How to test prototypes with agentic AI

This week we ran a meetup that was secretly a dress rehearsal. Next week we're in Lisbon at Productized, and we wanted to pressure-test the riskiest part of the session with peers in the room first. The riskiest part isn't building. It's the loop that puts a product idea in front of real people and tells you whether it lands. That loop normally eats a week. We run it in an afternoon. Here's how, and where the agent actually does the work.

It starts with what's worth testing. Before anyone builds, you need to know what you're testing and why. We point Claude at a real business (Vinted, in our case) and let it map the business model end to end. It documents the status quo, lays the canvas out on a Miro board so we can see the whole thing, and surfaces the assumptions that would hurt most if they're wrong. We take the riskiest one as the hypothesis. That order matters — David Bland's point is to decide what you're testing before you worry about how. The agent does the reading and the mapping. We decide what's worth betting on.

The Vinted business model and a Strategyzer Test Card, mapped together on a Miro board

The prototype and the Test Card grow together. Working with an agent, these two stop being separate steps. You kick-start the prototype straight from the hypothesis. Into Lovable, where the idea takes shape as you prompt it. Alongside it you fill in the Test Card: what you want to learn, and what would tell you you're onto something. Not a "7 of 10 users" threshold, a direction. The one fixed part is how you'll test, which here is always an unmoderated user test; the prototype idea fills in around it. Lovable gets close enough to a customer's brand that testers forget it's a mockup, and one small move makes it testable: a recording snippet pasted into the prototype's index.html streams every click back to our testing app, with nothing to install on the tester's phone.

A Vinted-branded prototype taking shape in Lovable

Designing the test goes one of two ways, and the Test Card guides this step too. The card that shaped the prototype now tells the test what to find out. In the PoDojo app you do it by hand: open your prototype, turn the Test Card into the tester task and the questions, grab a share link and a QR code. Or you hand the Test Card to Claude. You never touch a testing-app UI to design the survey; the agent reads the card and writes the study guide, the screening, and the questions, then launches the test. If you've got the environment set up, the same agent builds the clickable prototype too. The whole loop stays one agentic flow, from business model to running test, without leaving the chat.

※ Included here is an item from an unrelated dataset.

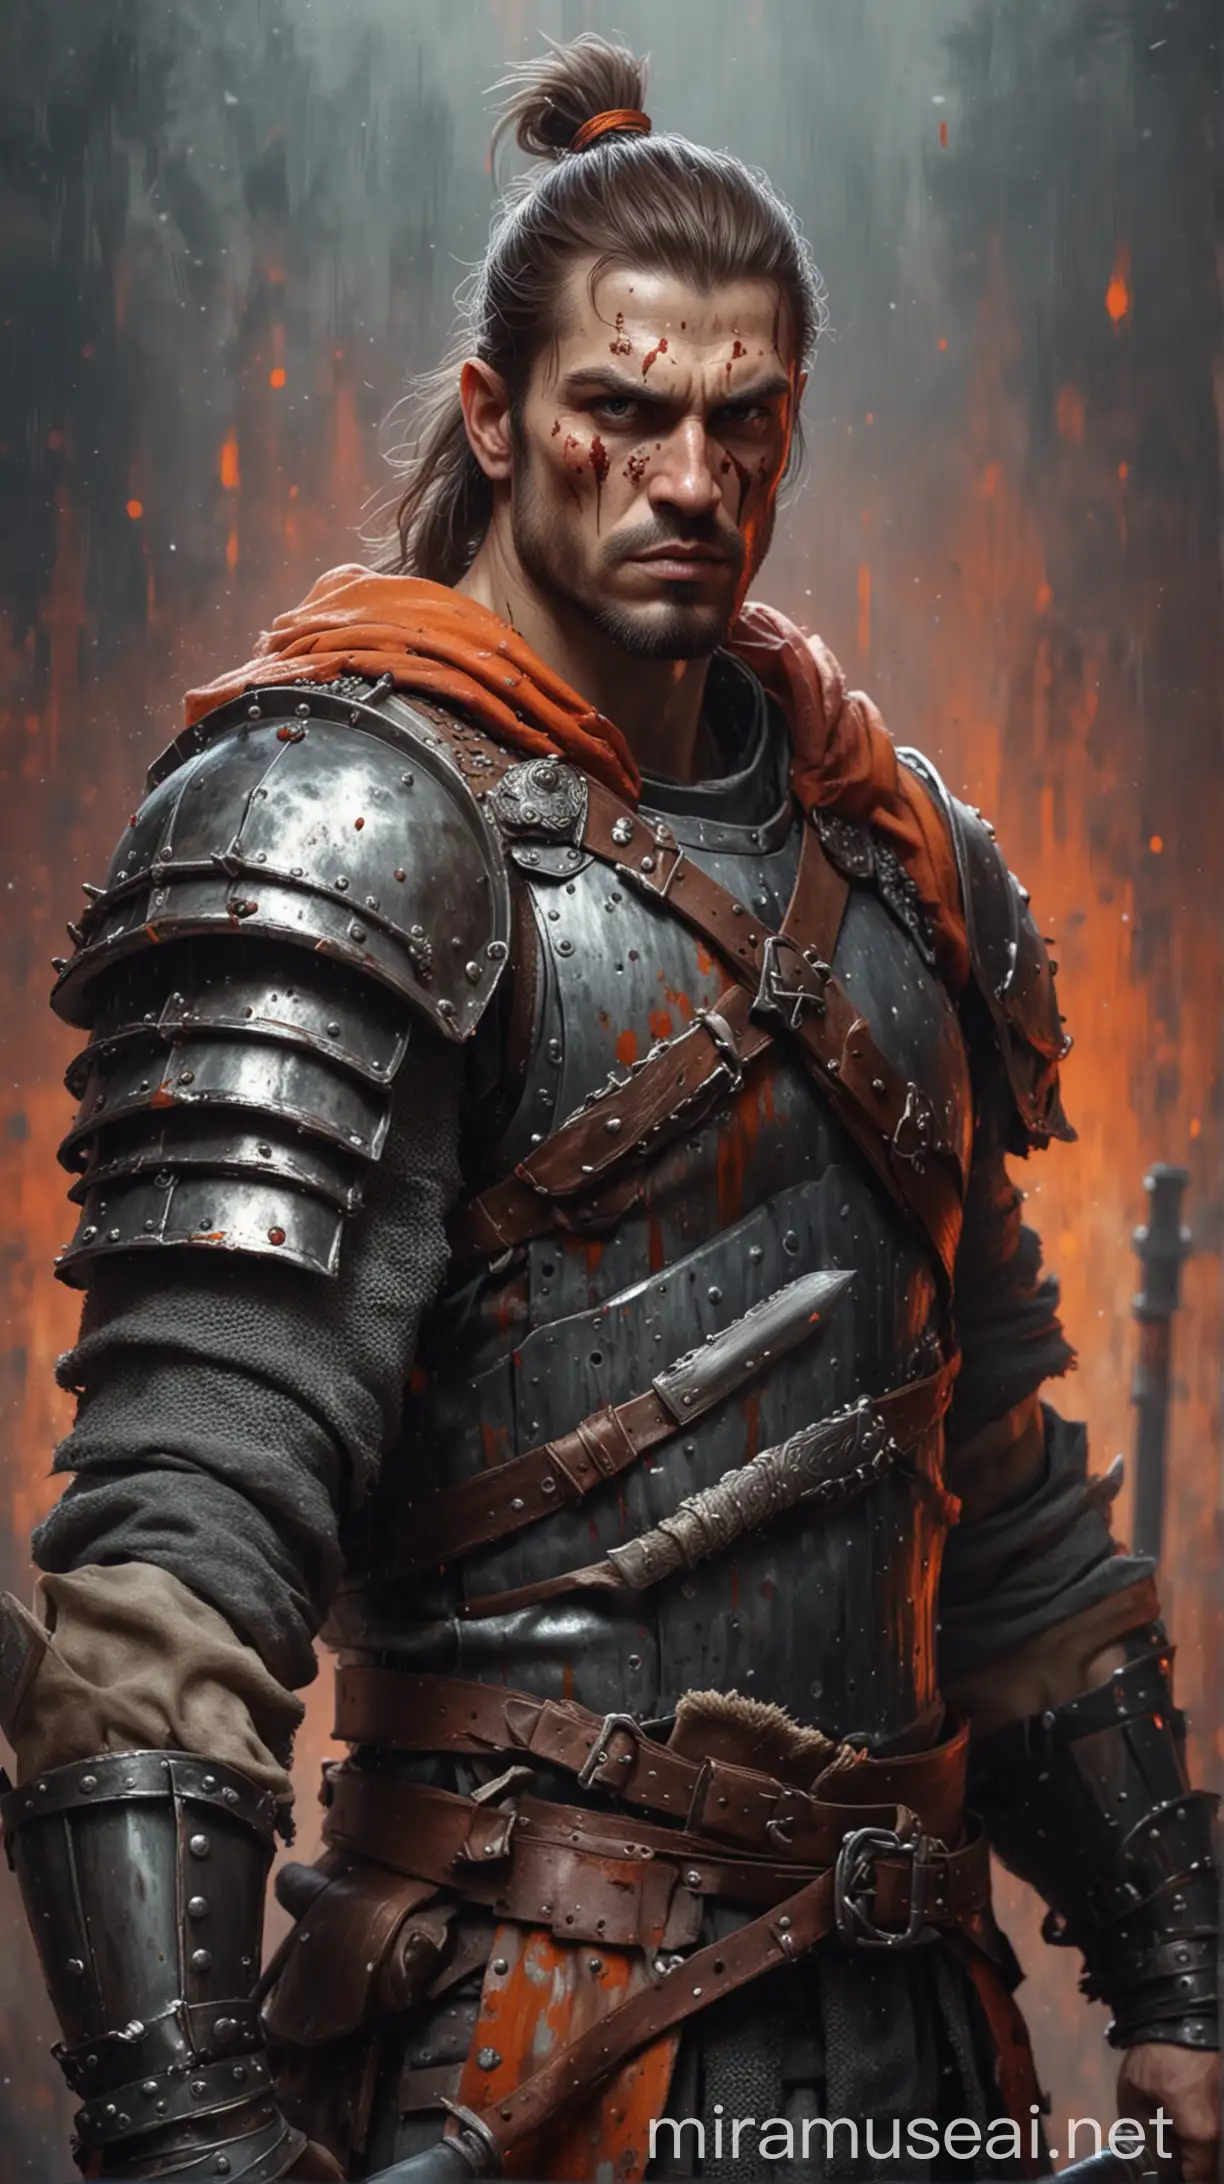 Medieval Fantasy Warrior with Steel Mallet in Cold Tones

The unmoderated test live in the PoDojo app, with a share QR code and 'recording snippet detected'

Running it is the easy part. People open the test on a laptop, or scan the QR and run it on their phone. At the meetup, groups tested each other's prototypes in breakout rooms. The backend records each session and transcribes it on its own: audio, what's on screen, and every interaction lined up on one timeline. No recruiting pipeline, no research-ops team in the middle.

The test running on a phone: the task brief for the Vinted prototype

The spoken-feedback step of the unmoderated test on mobile

The unmoderated test confirming the session was recorded

Then Claude works through the results. It reads the behavior-tracked transcripts, tells you how many sessions came in and what's in them, and pulls out the few issues that actually showed up. Ask for a report and it writes one, with short video reels cut straight from the sessions. A finding stops being a line on a slide. People believe it more when they hear it from the tester's own mouth.

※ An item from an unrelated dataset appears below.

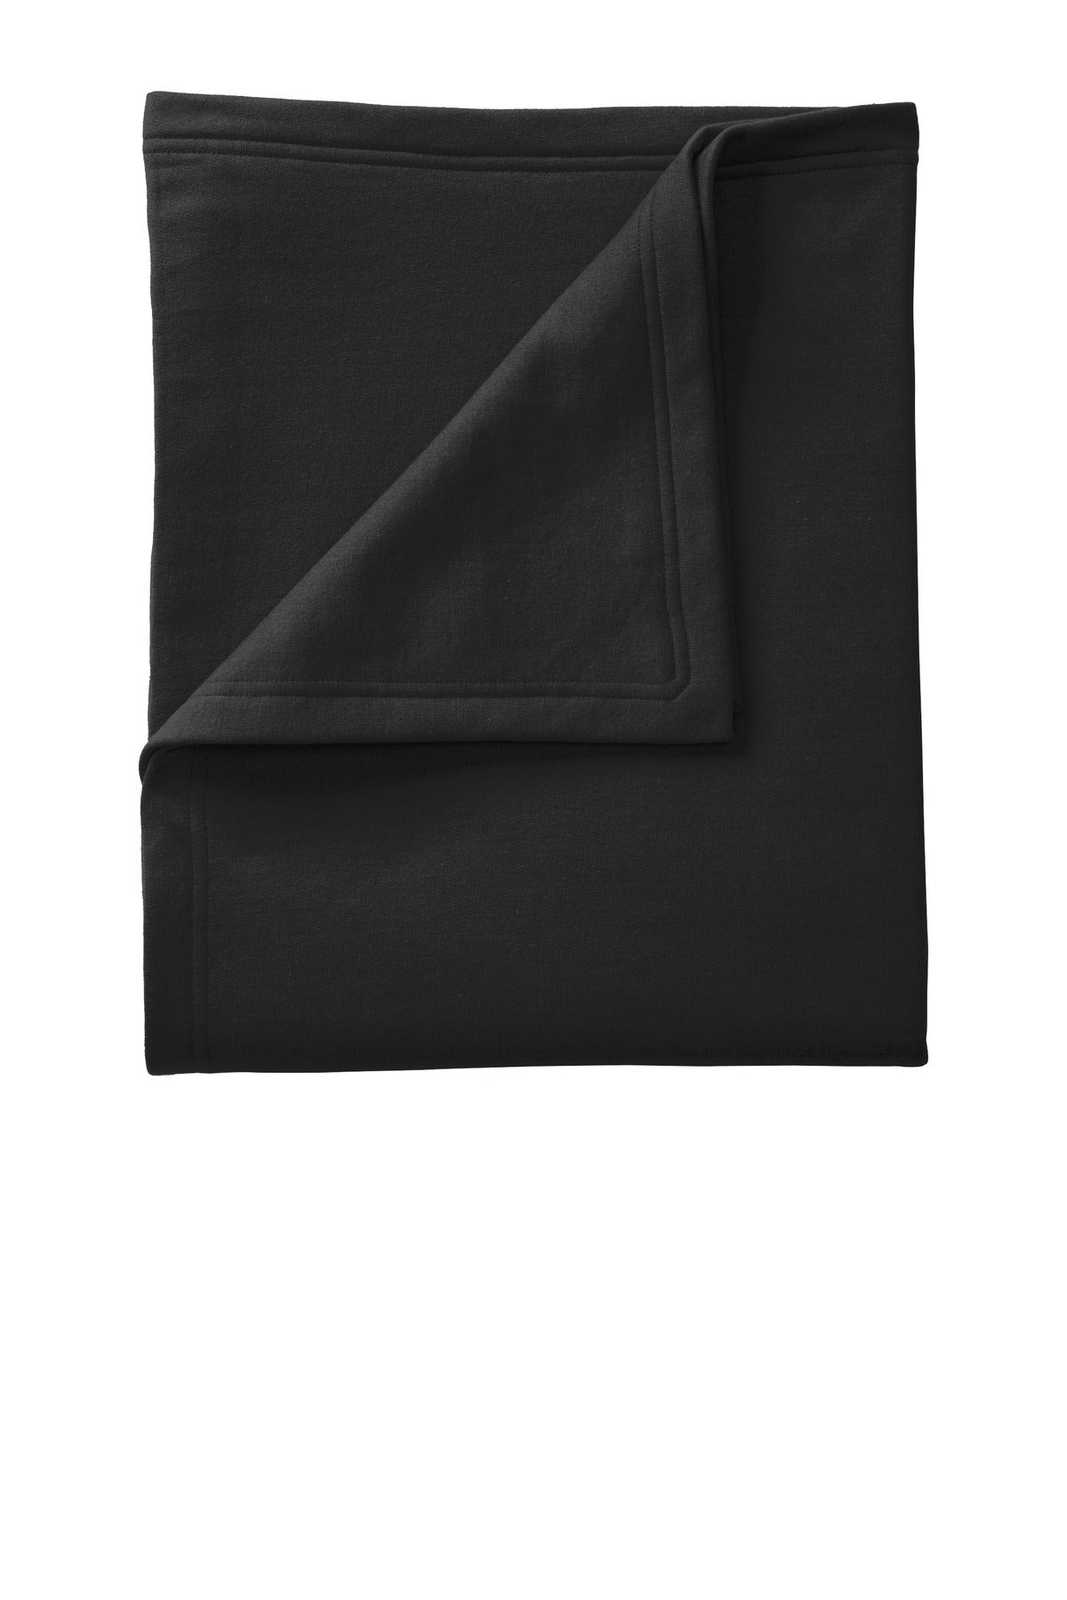 Port &amp; Company BP78 Core Fleece Sweatshirt Blanket - Jet Black - HIT a Double - 1

That's the loop: frame, build, test, run, synthesize — and Claude runs through all of it, not just the read-out at the end. A week of coordination folded into an afternoon, with the agent absorbing the busywork so the judgment stays with us. Plenty broke along the way, which is the point. A dojo is a place to fail safely. The people who showed up didn't watch us demo a finished thing; they built the case with us.

Watch the session

If that sounds like your kind of afternoon, we'd love to have you at the next one.

FAQ

How do you test a prototype with agentic AI?

You run one loop end to end. An agent (we use Claude) maps the business model and surfaces the riskiest assumption. You shape a Test Card and a Lovable prototype around it together, then run an unmoderated user test on desktop or mobile. The same agent designs the test and reads the sessions afterwards.

What is a Test Card?

A Test Card, popularized by David Bland and Strategyzer, turns a risky assumption into a one-page hypothesis: what you believe, how you'll test it, and the signal that you're onto something. It guides both the prototype you build and the test you run. The signal is a direction to follow, not a statistical threshold.

What is an unmoderated user test?

An unmoderated user test lets participants work through a prototype on their own, with no facilitator guiding them. They open a link on a laptop or scan a QR code on their phone, complete the task, and the tool records the session and transcribes audio, screen, and clicks on one shared timeline.

How does AI synthesize user-testing results?

The agent reads the behavior-tracked transcripts instead of you rewatching every recording. It reports how many sessions came in, pulls out the few issues that actually recurred, and writes a report with short video reels cut straight from the sessions, so each finding is backed by the participant's own words.